Crack is the street name given to crack cocaine (benzoylmethylecgonine), which is the crystalline form of cocaine created by processing the drug with baking soda (sodium bicarbonate) and water. The name originates from the cracking or popping sound the crystals make when they’re heated to be smoked. It is a Schedule II drug under the Controlled Substances Act, in the same category as other highly addictive drugs such as methamphetamine and oxycodone (OxyContin).
Crystals can come in varying colors, ranging from white to pale pink or yellow. Crack cocaine crystals are the most potent form of cocaine and are far more powerful than the regular powdered version of the drug.

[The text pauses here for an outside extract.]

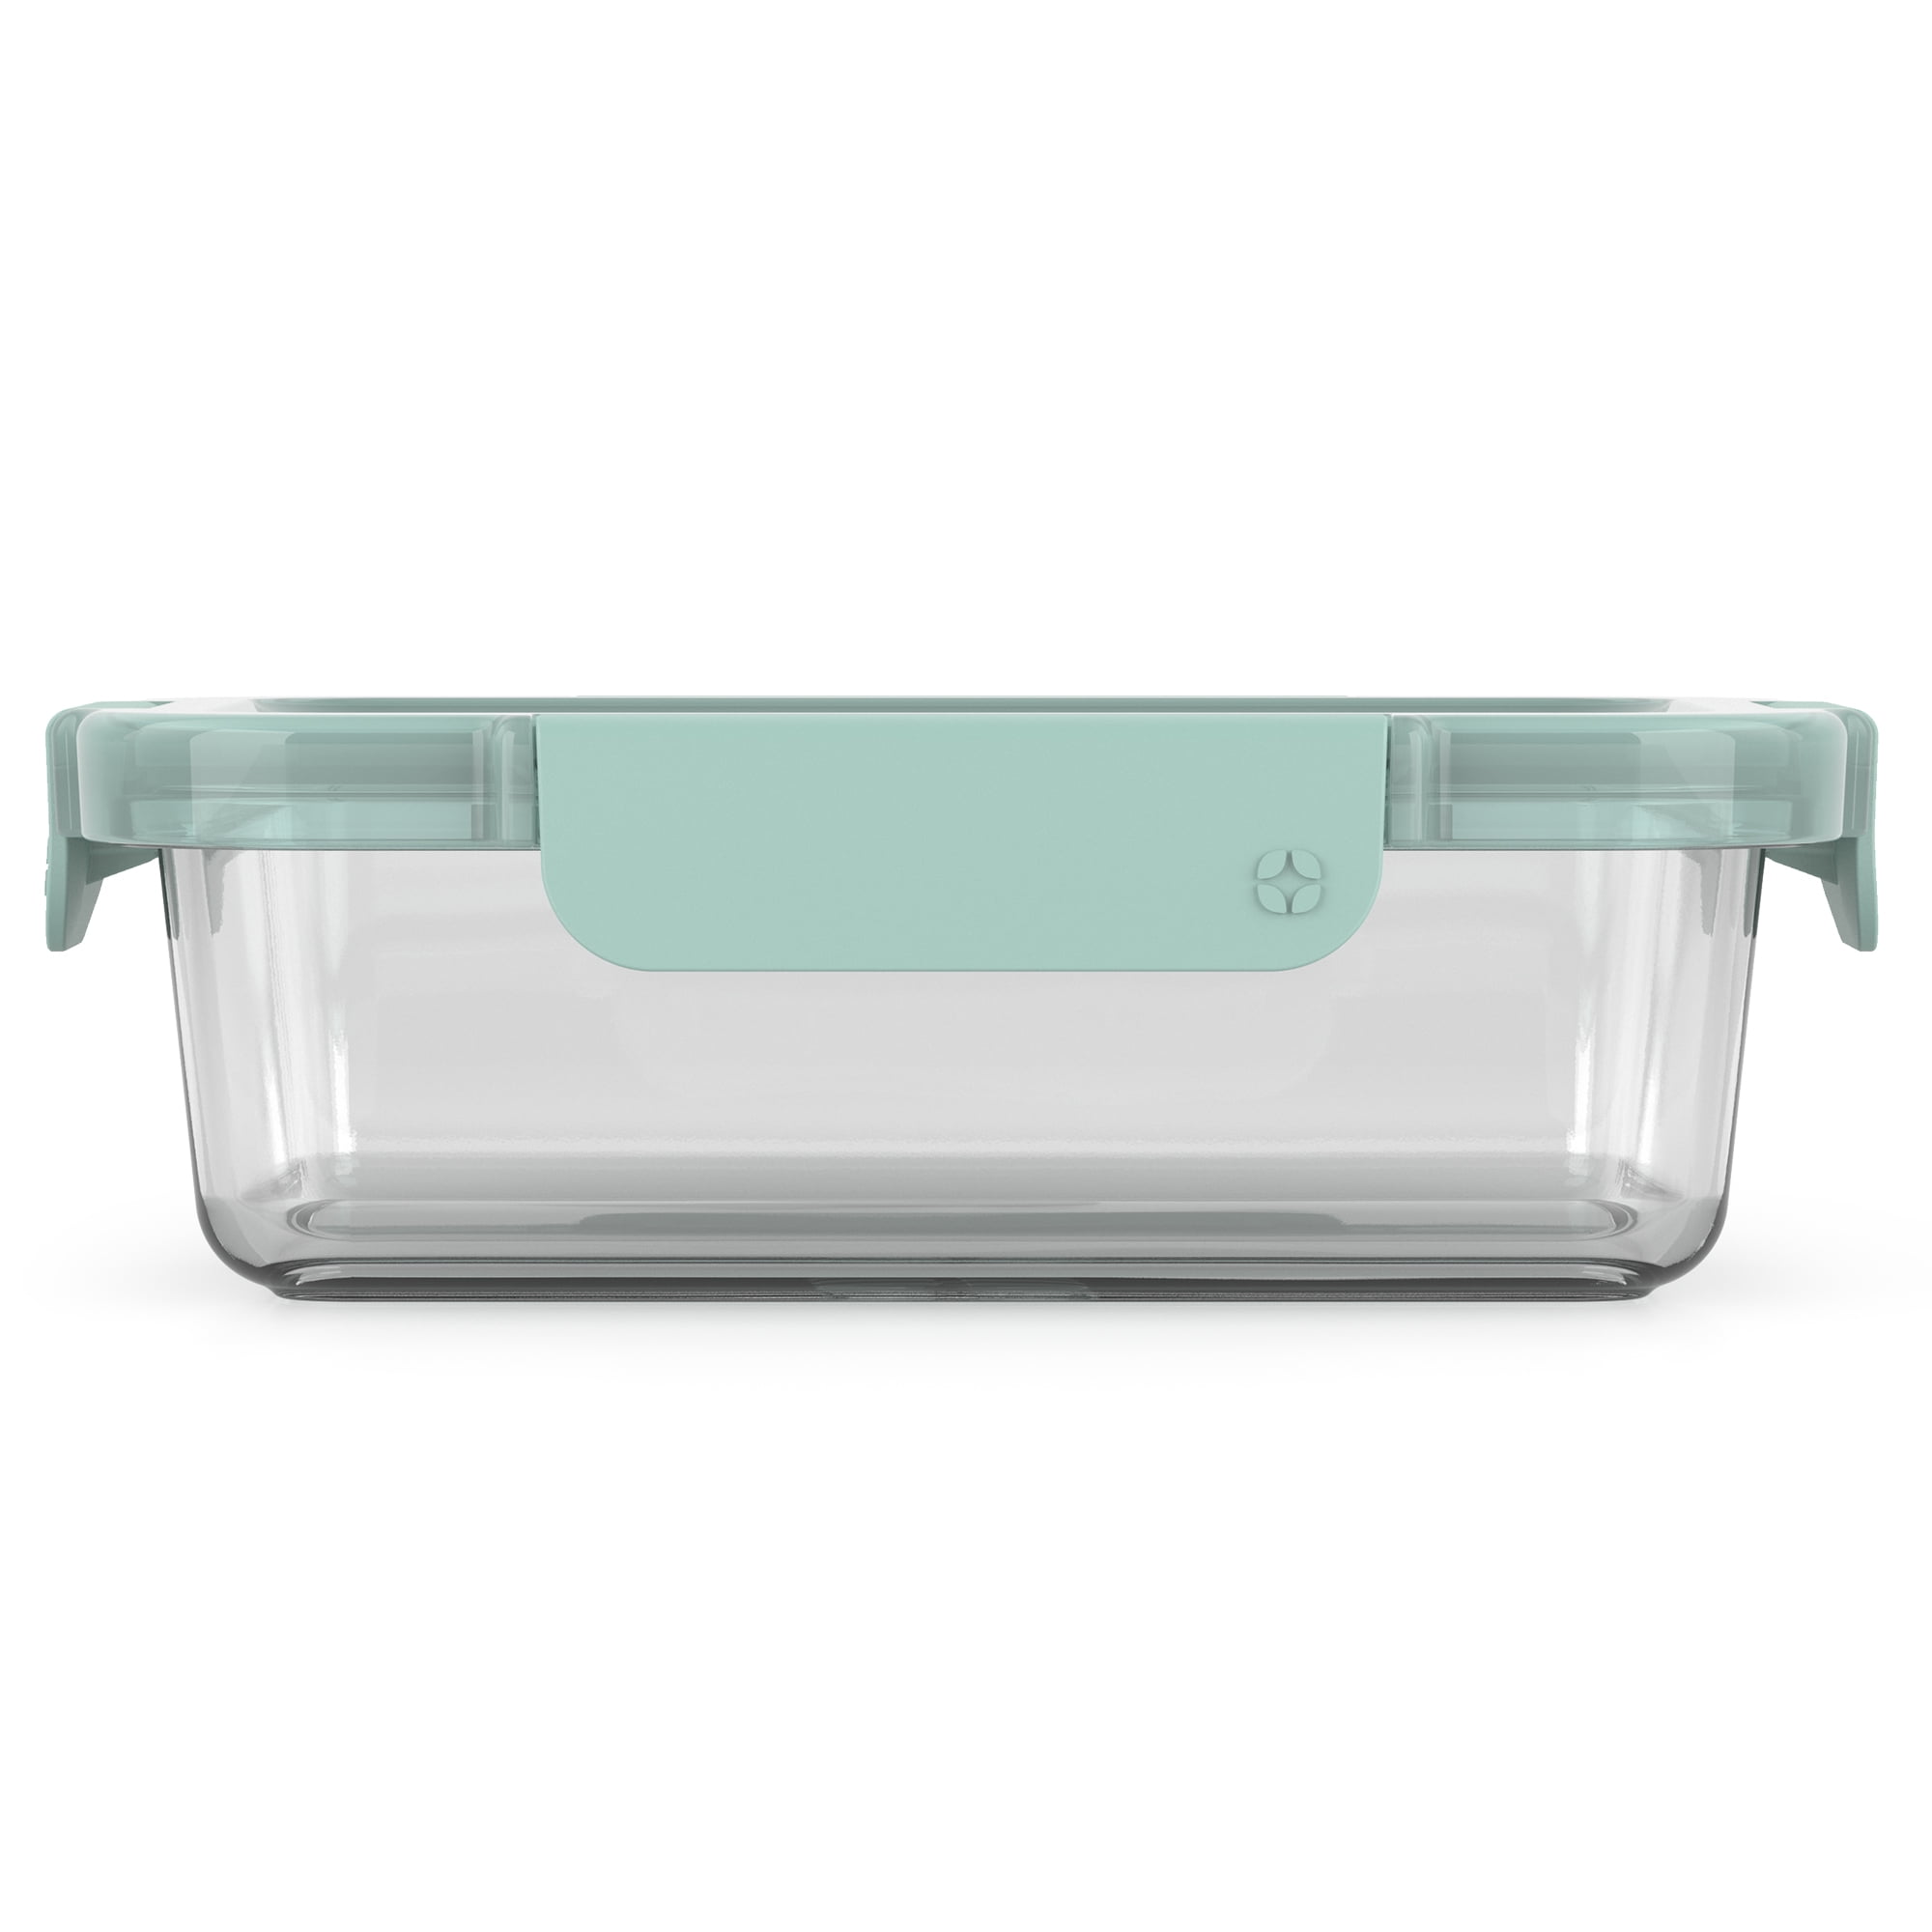 Duraglass™ 3.4 Cup Food Storage Container Replacement Lid- Mint

Heating cocaine crystals and smoking the fumes allow the substance to reach the brain more quickly, creating a faster onset of effects. The result is an almost immediate high that can last for around 15 minutes. Smoking crack cocaine increases the rate at which addiction to the drug develops.

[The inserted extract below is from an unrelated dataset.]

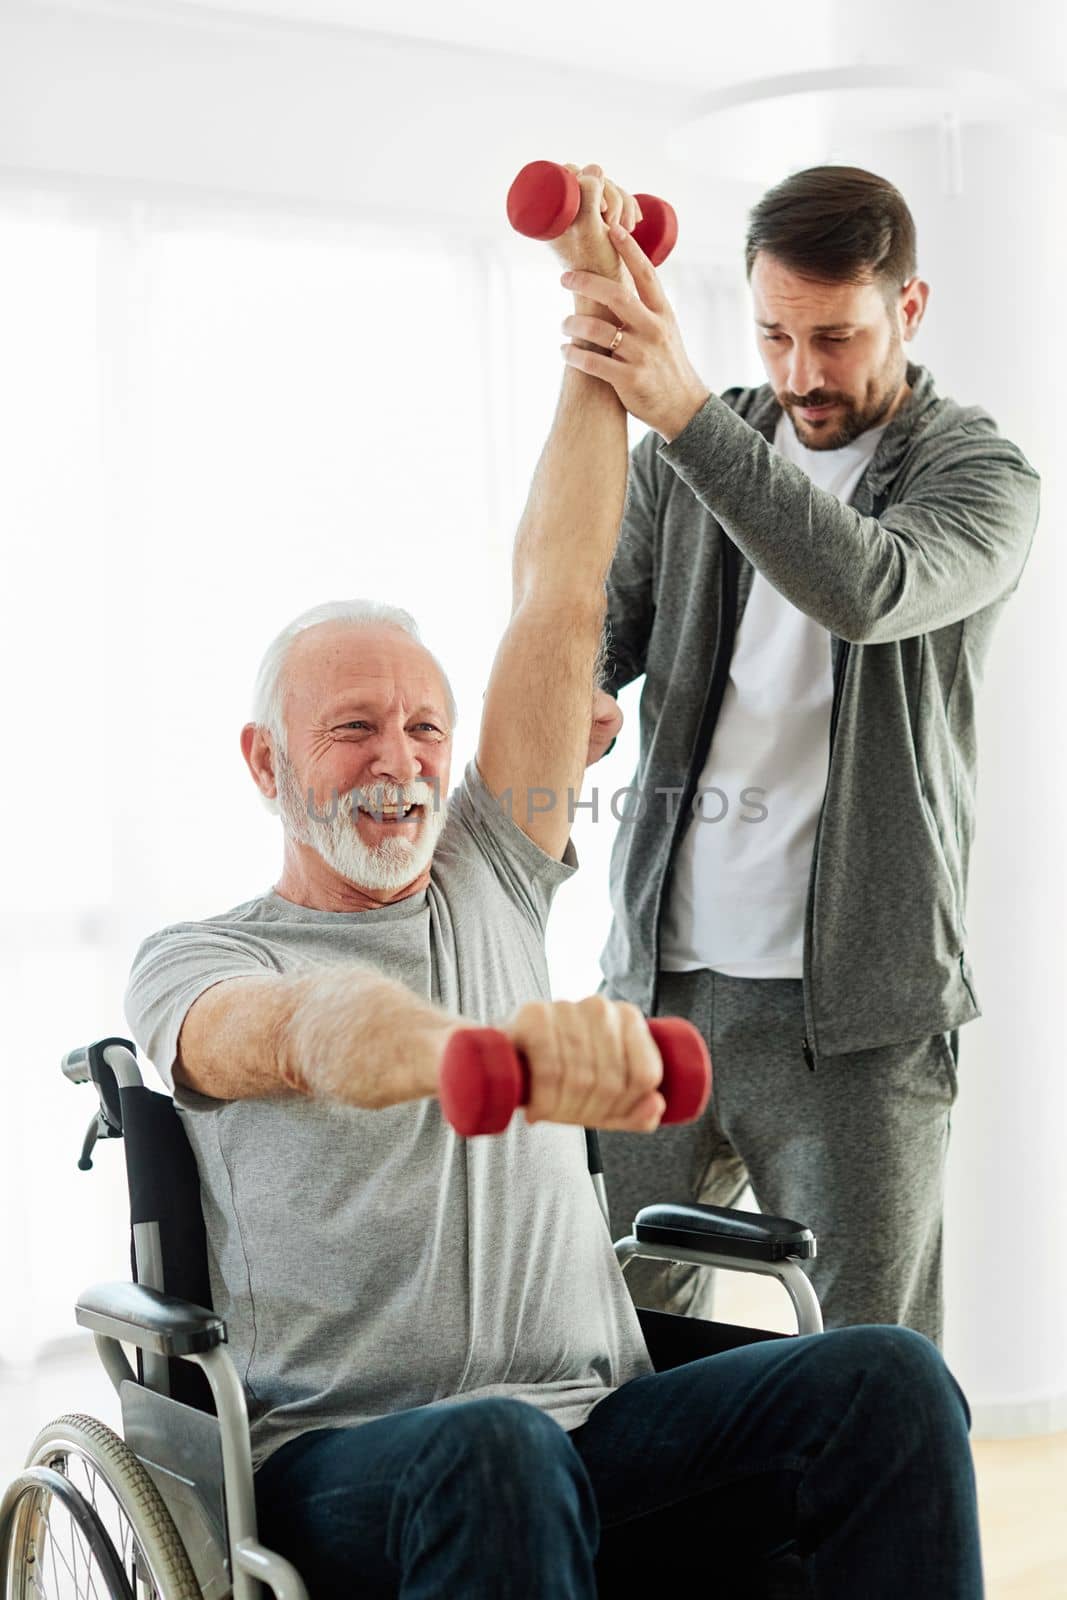 Doctor or nurse ot physiotherapist caregiver exercise with senior man at clinic or nursing home

Cocaine powder is expensive, especially in comparison to the cheap street prices charged for crack cocaine crystals. The low initial cost entices more people to smoke crack to get high, although the expense increases dramatically as tolerance to the drug develops. The user needs to take more of the drug in order to achieve the same effects after even short-term use, which increases the risk of developing dependence.
Crack cocaine has no medical use, and is entirely sold as an illegal street drug. It is sold in small bags of “rocks” that consist of an off-white or yellowish powder clumped together.
This drug is a stimulant that functions in the same manner that cocaine does, by inhibiting the re-uptake of chemicals that cause pleasurable feelings in the brain. Crack is considered to be even more dangerous than cocaine as it is more addictive, has more negative health consequences, and is much cheaper to buy on the street.
It often surprises people to learn that crack cocaine is a Schedule II substance. The reasoning for this is likely that it is virtually identical to cocaine on a molecular level. While crack is not used in medicine, cocaine has a valid medical use as a topical anesthetic, which keeps it from being listed as a Schedule I drug.
It is most commonly smoked using a glass pipe. It can be injected or snorted, but use of it in this way is rare.
The drug produces an intense but short-term sense of euphoria, often lasting as little as 10 minutes. The short duration of the high is what makes crack even more dangerous than cocaine, which can last up to an hour per dose. Chronic crack abusers feel the need to use the substance more frequently, which increases their exposure levels and speeds up the process of addiction.
Users experience an increase in their heart and respiration rate, and may experience intense anxiety and paranoia. They may have outbursts of aggression or violence. Death by overdose due to a heart attack is also possible.
Regular users often have chronic depression and mood swings. They may also develop continual paranoia, psychosis, delusions or aggressive behavior. They are also at an elevated risk for heart attack, stroke, seizures and respiratory failure.
Overdose and addiction are serious risks of any amount of crack use, and chronic use is almost guaranteed to create some sort of health complications. Since it is only available from street dealers, adulteration with toxins is also a risk. A common adulterant is phenytoin, an anti-seizure medication which can be toxic in high enough doses.
Alcohol is commonly used to ease the “come down” period after crack use. This can be dangerous if the user has been awake and not eating for a long period of time, as this will increase the potency of the alcohol and may trigger a seizure. Use of marijuana to “come down” is less dangerous to physical health, but can compound the symptoms of confusion and paranoia that crack often causes.
Crack is extremely dangerous when taken with other types of drugs. When mixed with other stimulants, there is a very good chance of inducing a heart attack or stroke. Use of this drug with prescription benzodiazepines can cause heart or kidney failure and brain damage.
The National Institute on Drug Abuse estimates that there are about 400,000 regular crack users in the United States based on survey results. Crack use is responsible for about 8% of admissions to substance abuse treatment programs each year. Addiction is common with use because the high is so short and the drug is so relatively inexpensive, users often expose themselves to large doses in a short amount of time.
Since the high brought on by crack use is so fleeting, users of the drug may disappear frequently to get high. Chronic use also often leaves white burn marks around the lips from the hot crack pipe. Absentminded crack users will also often have burn marks and melted spots on furniture in their place of residence from leaving their hot pipe sitting on top of it.
Due to its extremely addictive nature, the course of treatment for crack is almost always a one-week period of detox followed by at least a 30-day stay at an inpatient facility. Inpatient time may be significantly longer depending on the strength of the addiction.